Nventa Provides Corporate Update and Advancement Plans for HspE7, Hsp 6/11 and Poly-ICR



    
    Company Announces Corporate Restructuring to Focus on Strategic Alliances
    and M&A

    
    SAN DIEGO, Oct. 8 /CNW/ -- Nventa Biopharmaceuticals Corporation (TSX:
NVN), a company developing innovative therapeutics for the treatment of viral
infections and cancer, today provided an update on its ongoing development
programs. The company also announced that it will initiate a corporate
restructuring that will extend the company's financial resources to pursue
near-term corporate development opportunities, sale of specific programs, M&A
and alternative financial arrangements to maximize the value of its assets.
    
    (Logo:  http://www.newscom.com/cgi-bin/prnh/20080303/LAM023LOGO)
    
    "We are committed to the continued advancement of HspE7, Hsp 6/11 and
Poly-ICR, and as such, we are making difficult yet necessary decisions today
to ensure these products have every opportunity to succeed," said Gregory M.
McKee, president and chief executive officer at Nventa.  "As part of our
commitment to the continued advancement of HspE7, Hsp 6/11 and Poly-ICR, we
are aggressively seeking strategic alliances, including merger and acquisition
opportunities, which will allow us to realize the greatest value for each of
these important programs."
    HspE7: Lead Product Candidate for the Treatment of Cervical
Intraepithelial Neoplasia (CIN)
    A recently completed Phase 1 clinical trial of HspE7, a novel therapeutic
candidate intended for the treatment of precancerous and cancerous lesions
caused by the human papillomavirus (HPV), demonstrated an excellent safety
profile, while providing compelling data to support HspE7's immunologic
activity.  Based on the positive Phase 1 trial results, the next planned
initiatives include Phase 2 clinical studies that will evaluate HspE7 as a
potential treatment for both low-grade cervical dysplasia (CIN 1) and
high-grade cervical dysplasia (CIN 2/3).  The planned Phase 2 trials consist
of multi-center, randomized, double-blind, placebo-controlled studies in the
U.S., Canada, Europe and Latin America.  For the CIN 2/3 study, protocol
development, discussions with the U.S. Food and Drug Administration and site
evaluations have been completed.  A second protocol for the CIN 1 indication
is near completion.  Partnering or adequate financing are required for the
trials to be initiated.
    
    Poly-ICR -- Proprietary Toll-like Receptor 3 Agonist
    
    The company's proprietary Toll-like Receptor 3 agonist, Poly-IC:
Poly-Arginine (Poly-ICR), may have use as a broad immune stimulatory agent, as
well as a vaccine adjuvant for both therapeutic and prophylactic vaccines.
Nventa is currently advancing Poly-ICR as a means for revenue generation
through partnering, as well as for its own internal development.
    --  Partnering Poly-ICR -- Nventa is currently providing Poly-ICR through
Material Transfer Agreements to leading vaccine developers in the U.S. and
abroad who are evaluating Poly-ICR for potential incorporation into a wide
range of vaccine products.  Based on early interest in Poly-ICR, the company
anticipates that it may provide Nventa with a near-term revenue opportunity.

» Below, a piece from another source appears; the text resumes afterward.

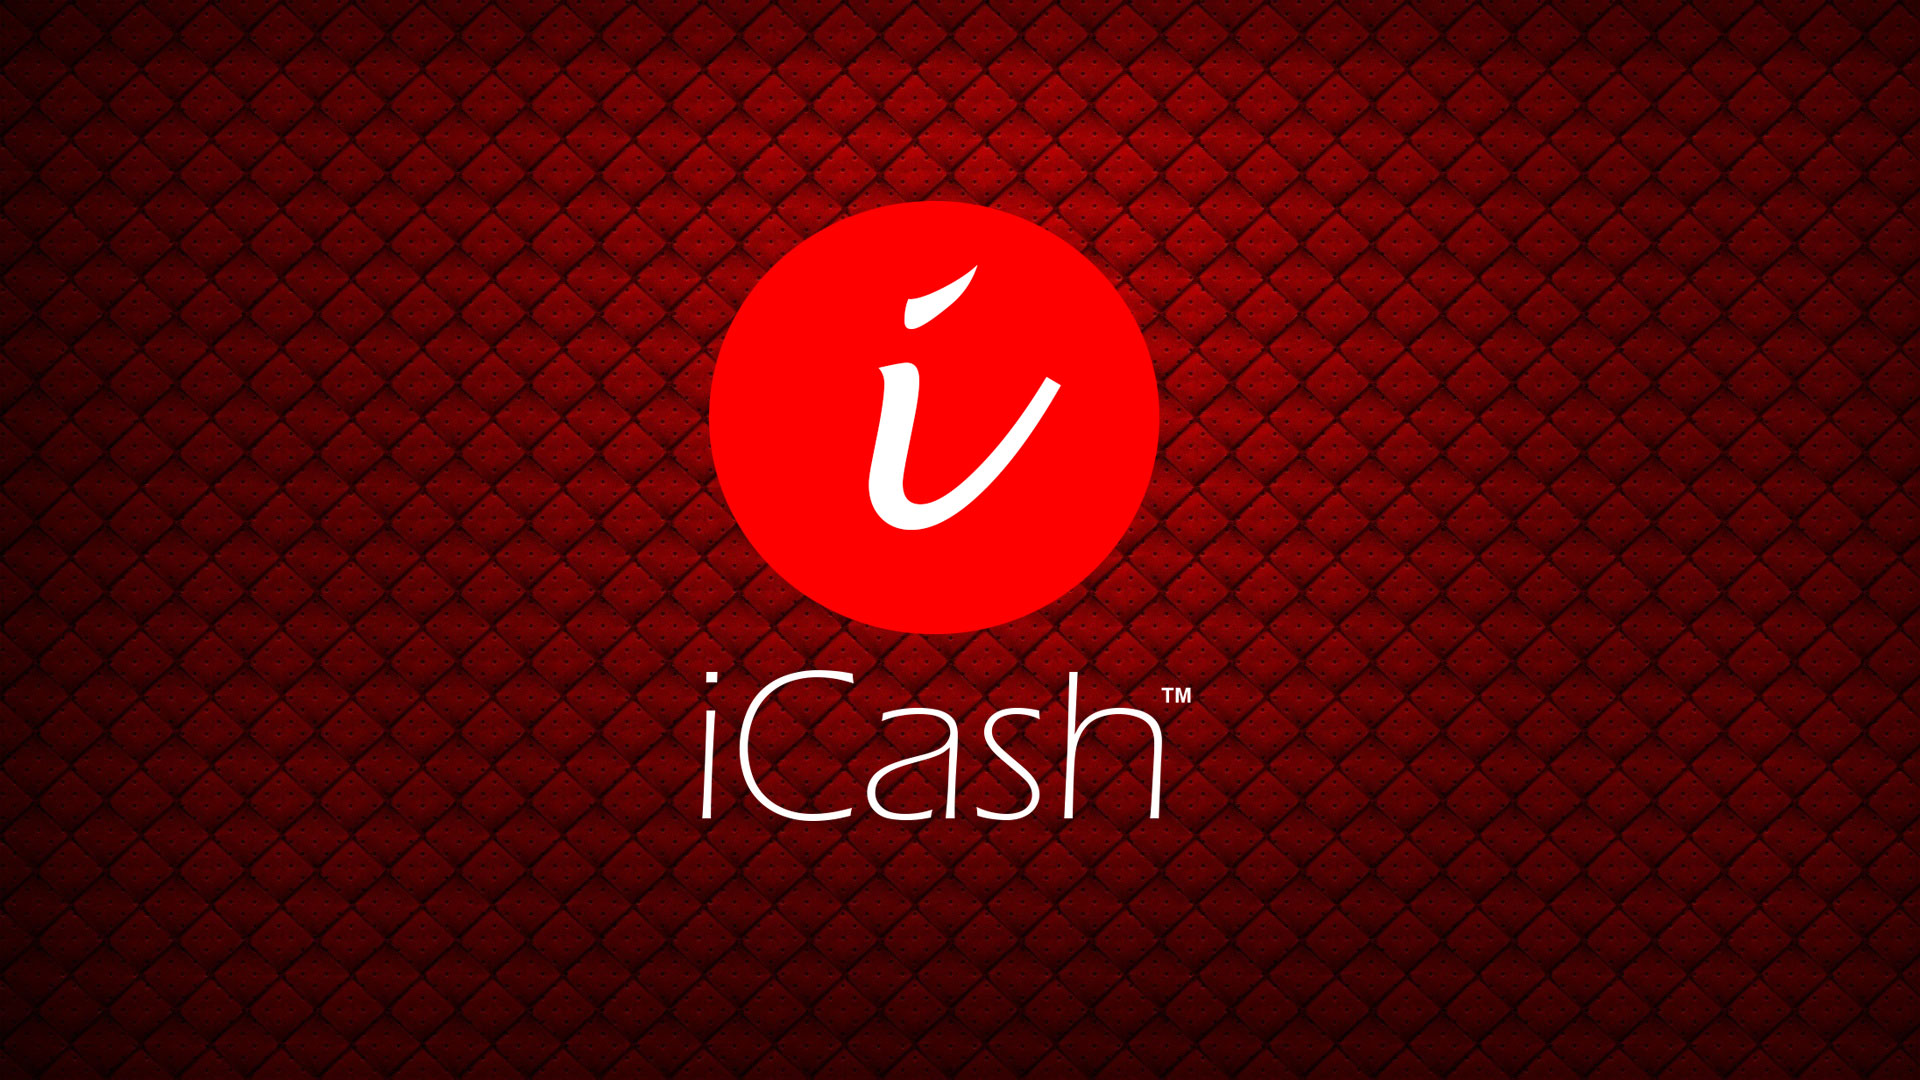 icash wallpapers

    --  Internal Application of Poly-ICR -- Nventa is pursuing the
development of Poly-ICR for topical application for the treatment of genital
warts (GW) and actinic keratosis, a premalignant condition of the skin.  Next
development activities include completing toxicology and formulation
activities for Poly-ICR and filing an investigational new drug (IND)
application for the compound.  Partnering or adequate financing are required
for this work to be continued.
    
    Hsp 6/11 -- Preclinical Product Candidate for the Treatment of GW and RRP
    
    The company has nominated Hsp 6/11 as a development candidate targeting
the treatment of GW and recurrent respiratory papillomatosis (RRP), a disease
in which benign tumors grow on the larynx, vocal cords and trachea.  Combined,
GW and RRP affect more than 2.5 million people worldwide and represent an
estimated global market potential of more than $1 billion.  There are
currently no approved cures for either condition.  Early preclinical data
suggest that Hsp 6/11 has the ability to elicit strong T-cell responses
against HPV types 6 and 11 target antigens.  Next steps for Hsp 6/11 include
finalizing manufacturing and formulation protocols and filing an IND.

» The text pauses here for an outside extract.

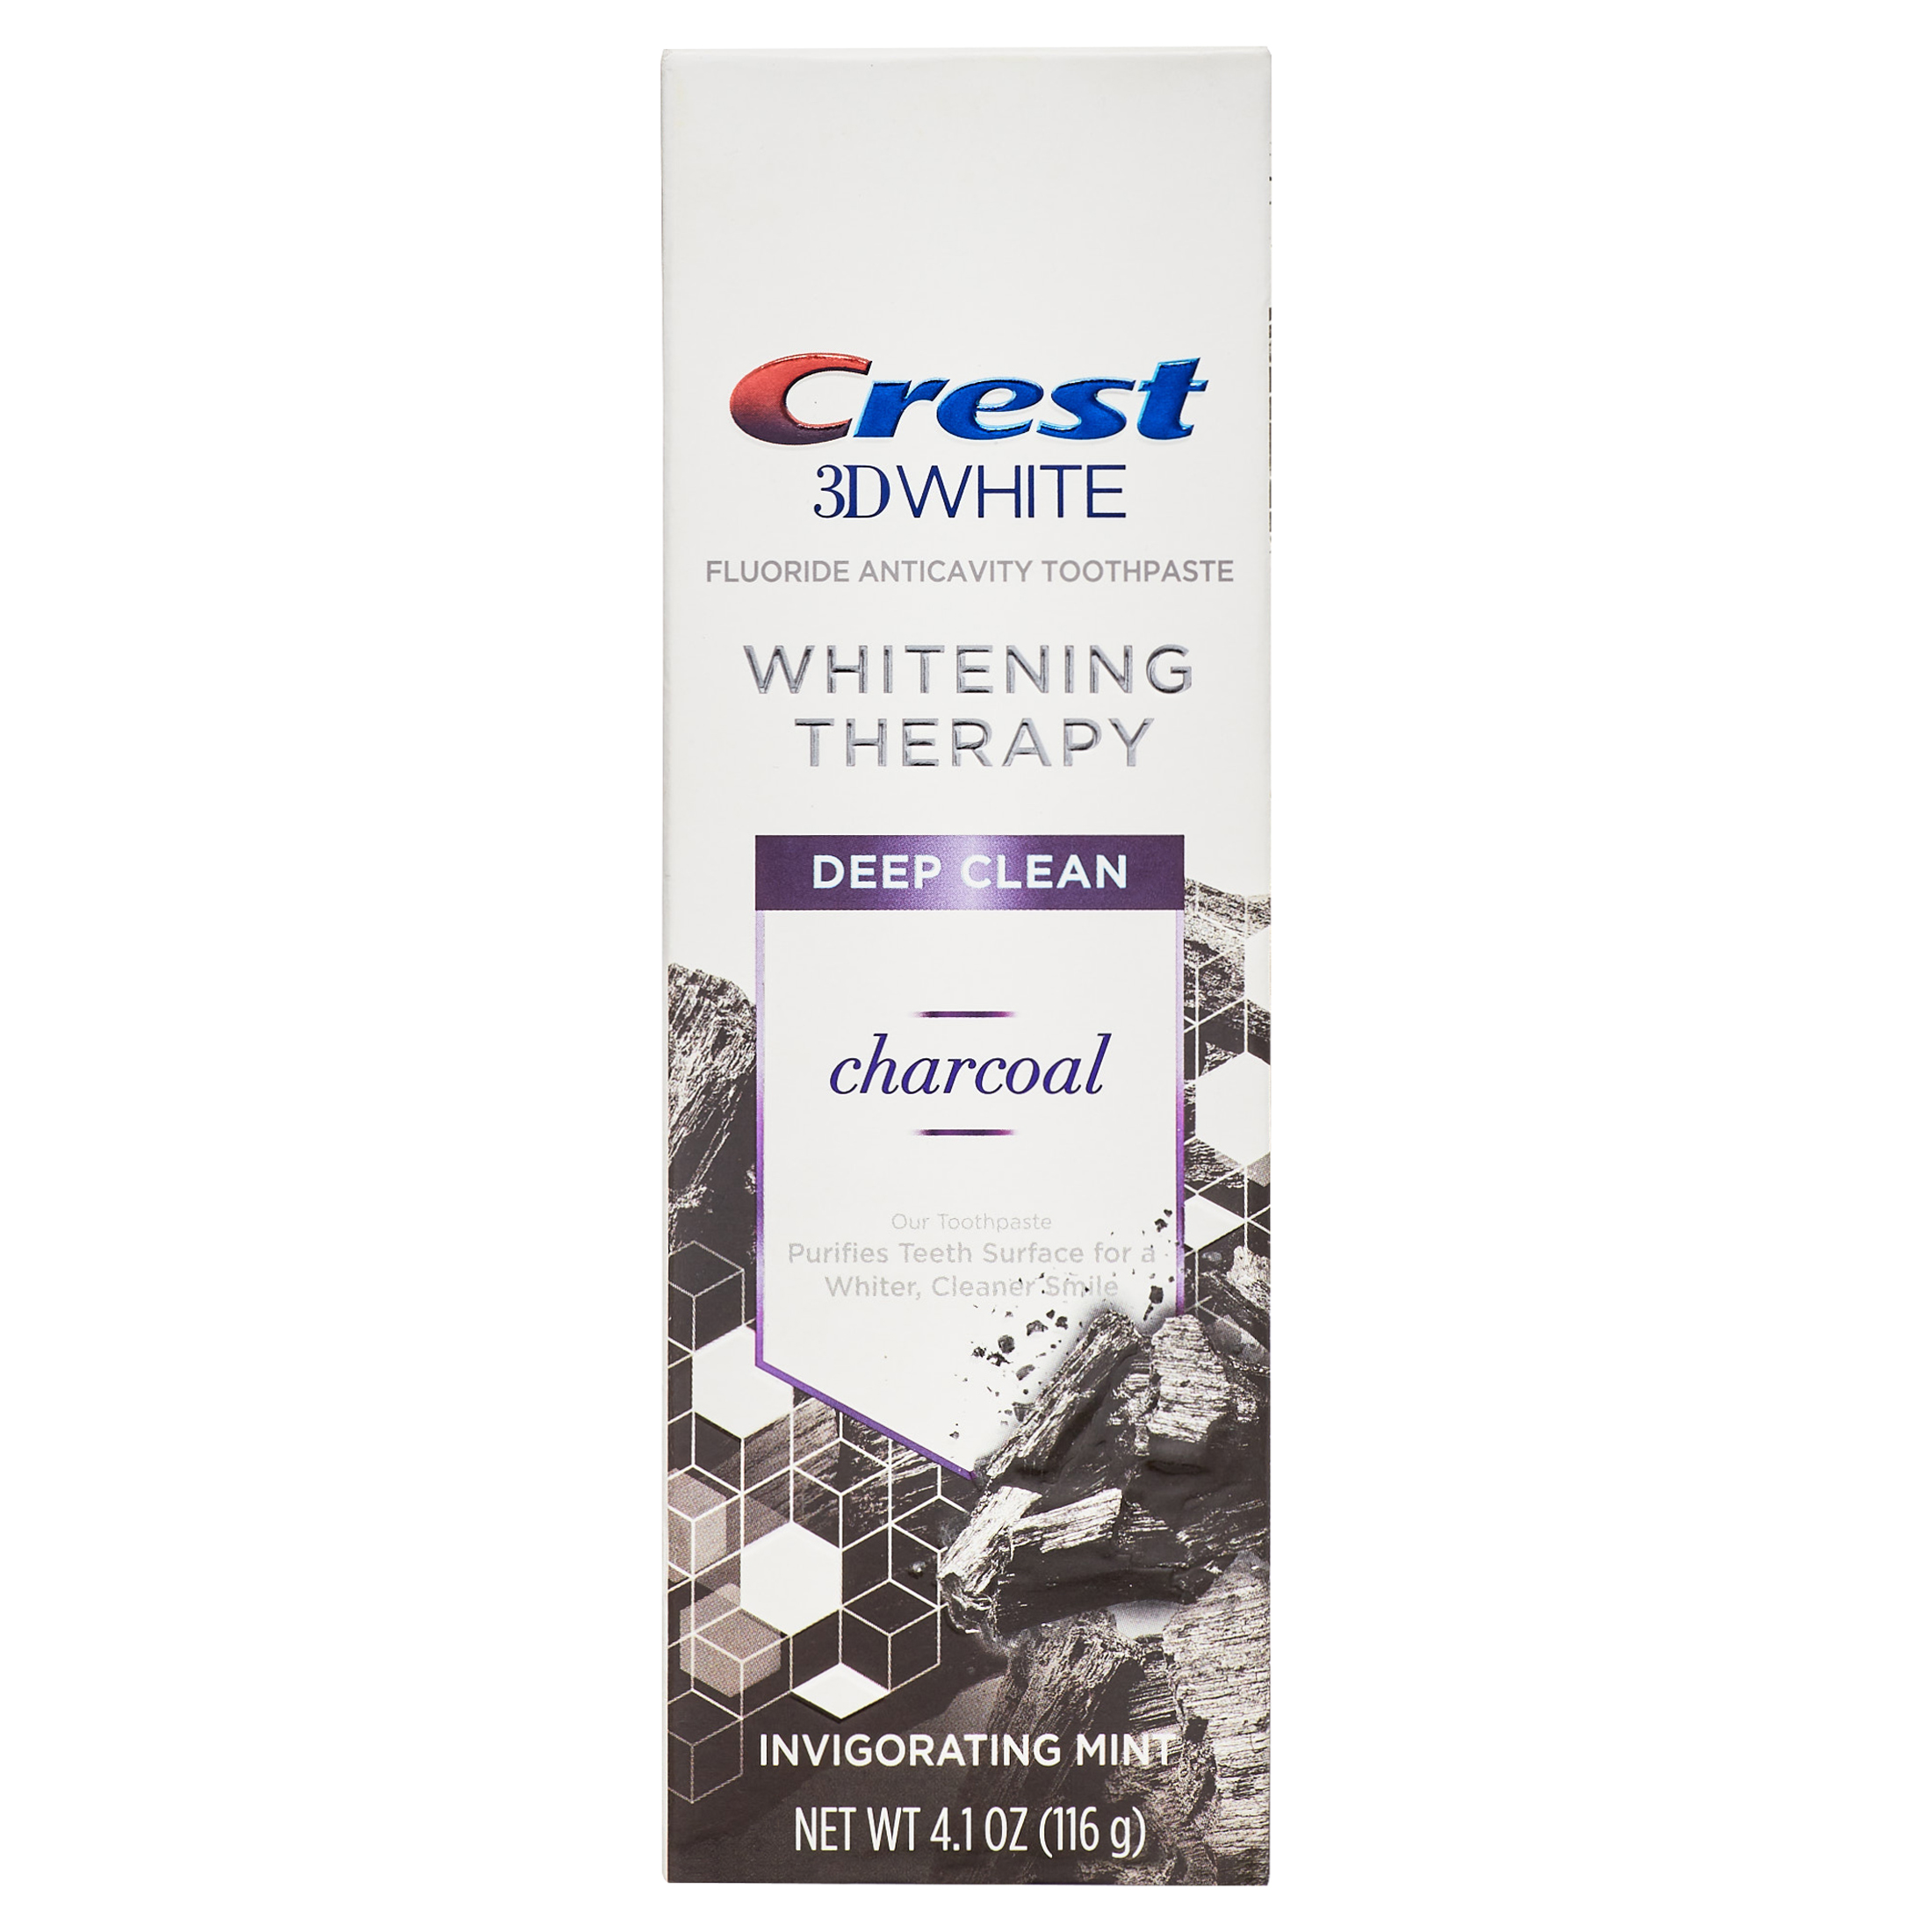 Crest 3D White Whitening Therapy Charcoal Deep Clean Toothpaste, Mint, 4.1 oz - image 1 of 11

Partnering or adequate financing are required for these efforts to continue.
    
    Corporate Restructuring and Focus on Corporate Development Efforts
    
    With the support of a unanimous decision by Nventa's board of directors,
the company will undertake a corporate restructuring designed to extend the
company's financial resources and increase the focus on corporate development
efforts surrounding the company's core assets.  Key elements of the
restructuring include:

    
    --  A sixty percent reduction of staff from 13 to 5.  As part of this
        reduction, Richard B. Lai Fatt, Ph.D., vice president of corporate
        development and David Duncan, Jr., vice president of finance, will be
        leaving the company.  Peter Emtage, Ph.D. will remain as vice
        president of research and development.  Concurrent with the
        restructuring, board members, Jay M. Short, Ph.D., Joann Data, M.D.,
        Ph.D., Gordon Busenbark, and Sandford D. Smith, as well as all members
        of the scientific advisory board, will be stepping down.  Robert
        Rieder will become chairman of the board and John Varian will continue
        as the audit committee chair.
    --  A reduction of annualized cash burn of approximately 30 percent.
    --  An increased focus of corporate resources toward monetizing the
        company's core assets.  As part of this, the company will expand its
        corporate development efforts for the purpose of identifying
        synergistic merger and acquisition opportunities to strengthen its
        pipeline and/or financial position.
    --  Cash and cash equivalents as of October 1, 2008 were approximately
        $5.9 million, which after accounting for the company's liabilities and
        other commitments, results in approximately $2.5 million.  This cash
        is sufficient to support operations until second quarter 2009.
    About Nventa Corporation:
    
    Nventa is developing innovative therapeutics for the treatment of viral
infections and cancer, with a focus on diseases caused by HPV.  The company is
publicly traded on the Toronto Stock Exchange under the symbol "NVN".  For
more information about Nventa, please visit http://www.nventacorp.com.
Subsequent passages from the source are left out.